The Role of Montessori Adult
The Montessori Adult
When I started thinking about The Role of a Teacher, I sat back and I was trying to dig into my childhood experiences with my teachers. At some point in our education, we had a teacher that inspired us. I vividly remember that when I was in pre-primary, my class teacher used to treat me very well and that is why I used to love to go to the class. Even after getting into 1st std., I still loved to going to that class. After that I studied under lots of teachers in primary, secondary, and higher secondary mediums, but the memories of my pre-primary teacher were the best because of the love and care she took in those years. The same experience motivates me to be same teacher, which my children would love to carry along in their memories way after passing out of school.
Here again in 10+ yrs of my teaching career I remember few experiences through which I have learnt a lot. These are my real achievements, my treasure of memories with these children. I wonder whether we give them knowledge, help them to become independent or they are helping me to become better day by day.
Here I listed down few experiences……
·??????It happens most of the time in the morning, when I finishes my daily preparation and I simply sit on the chair in one corner and waiting for the children to enter the class. When children starts entering the class, they observe everything in its order as usual. He/she looks at me and starts sitting in the circle for assembly. I wait till all children comes to the class I sit almost for first 10 mins, and I can see all the children they are sitting in the circle for prayer, they sit with legs crossed, with open palm for prayer and small children follows automatically. Here what I understood is that the child follows the order, it is up to the adult, how many time we follow our daily routine.

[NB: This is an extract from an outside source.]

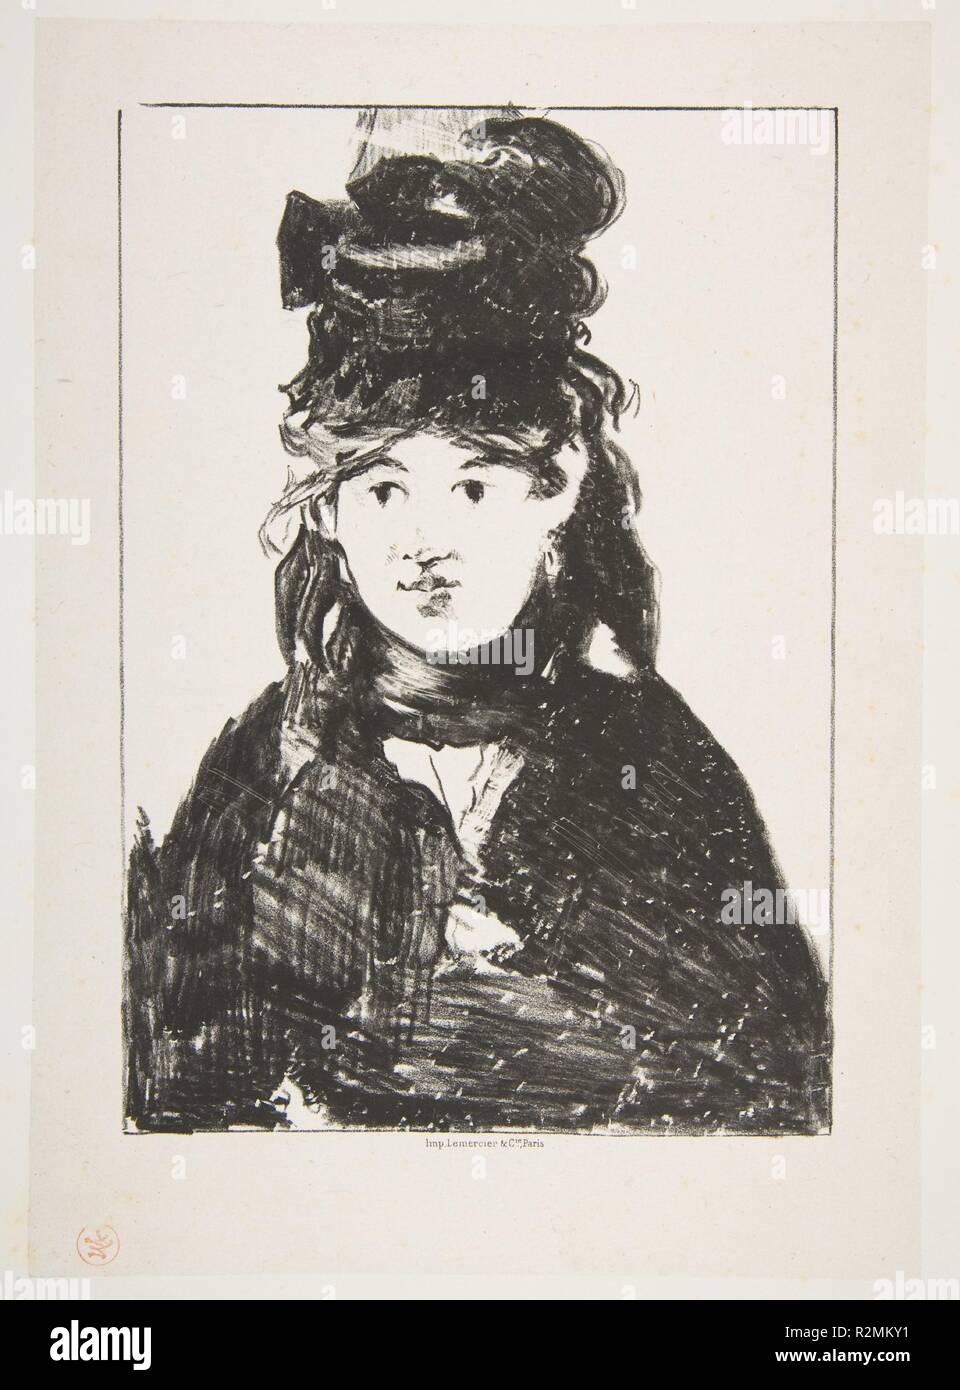 Berthe Morisot (In Black). Artist: Édouard Manet (French, Paris 1832-1883 Paris). Dimensions: Image: 9 13/16 x 6 15/16 in. (24.9 x 17.6 cm)  Sheet: 15 3/4 x 11 7/8in. (40 x 30.2cm). Printer: Lemercier & Cie. (French, Paris). Sitter: Portrait of Berthe Morisot (French, Bourges 1841-1895 Paris). Date: 1872-74. Museum: Metropolitan Museum of Art, New York, USA. Stock Photo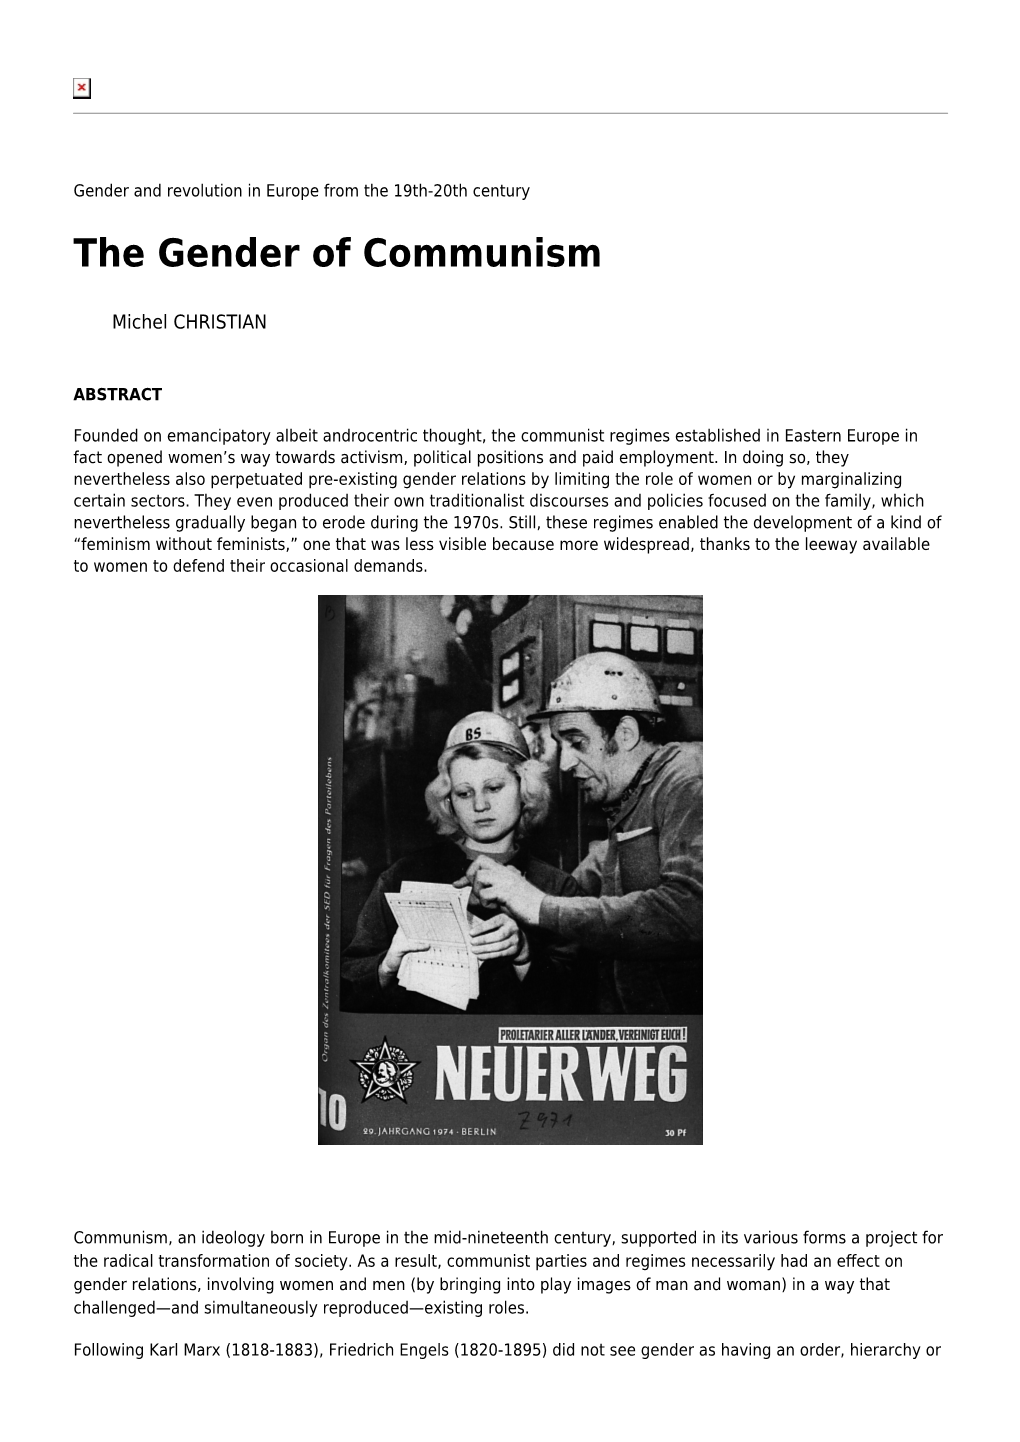 The Gender of Communism

·??????This is what I experienced in my class. One day I was talking with child’s mother. Mother was informing me that he is writing 9 as mirror image, and when mother corrected him, he told its ok, this is what I write in the school, I can do mamma, if it is wrong my aunty will tell me. This is what I am practicing in class. I never do direct correction to the child’s mistake, or get angry, rather I says ‘oh! You have finished one page good, let me show you one more time.” They never hesitate to come to me if they have done something wrong. Encouragement, tolerance, praise and love, these are four important points I always keeps in mind when I enter in class. As a teacher I think this is my small achievement.
·??????Very early in my career I understood that instructions retains only for a min in child’s mind. I always prefer to show the activity again rather than giving the list of instructions to the child.
·??????One of the child was asking me to show her new work. And I’ve promised to show it today after snacks time. Because of poor health I needed to go early. I spoke to that child and told , that
Me: “I am not feeling well so I am going early. As I promised you for that work, is it ok if I show you tomorrow?”
Child: “ok, aunty”
Me: “do you understand what did I said?”
Child: “Yes aunty”
Me: “tell me what did I say”
Child: “that you are not well and going home and you will show me work tomorrow. I am fine aunty, go home and take rest. I know you will keep your promise.”
I think this is my achievement, that child has faith in my words.
·??????It was a dance practice. One child was not comfortable with dance teacher, though he is very kind and nice one. I went with the child to dance class and I shook hand with the teacher and become his friend in front of the child and I asked child to do the same. Now child is so comfortable with him and started going to class regularly….. I think this is my achievement.
·??????After prayer every day I tell children this is our class and we will work now but we will not talk loudly. We will whisper in the class. One day unconsciously I started talking with my colleague, one child came to me and told me that “aunty we should whisper in the class, other children are working they will get disturb.” I think this is my achievement.
According to me these are the achievements as Montessori teacher, but to give an outline above the role of a teacher I am quoting here teacher’s role in Montessori terms.
When Montessori tapped into the undiscovered potential of the child, she quickly realized that along with this new way of looking at education and child development, a new adult must also arrive, a new educator that could guide the child. This new adult would look at education in a completely different light. Education would support natural human development. Education would believe in the constructive power of the child. Education would support each child in developing her unique potential.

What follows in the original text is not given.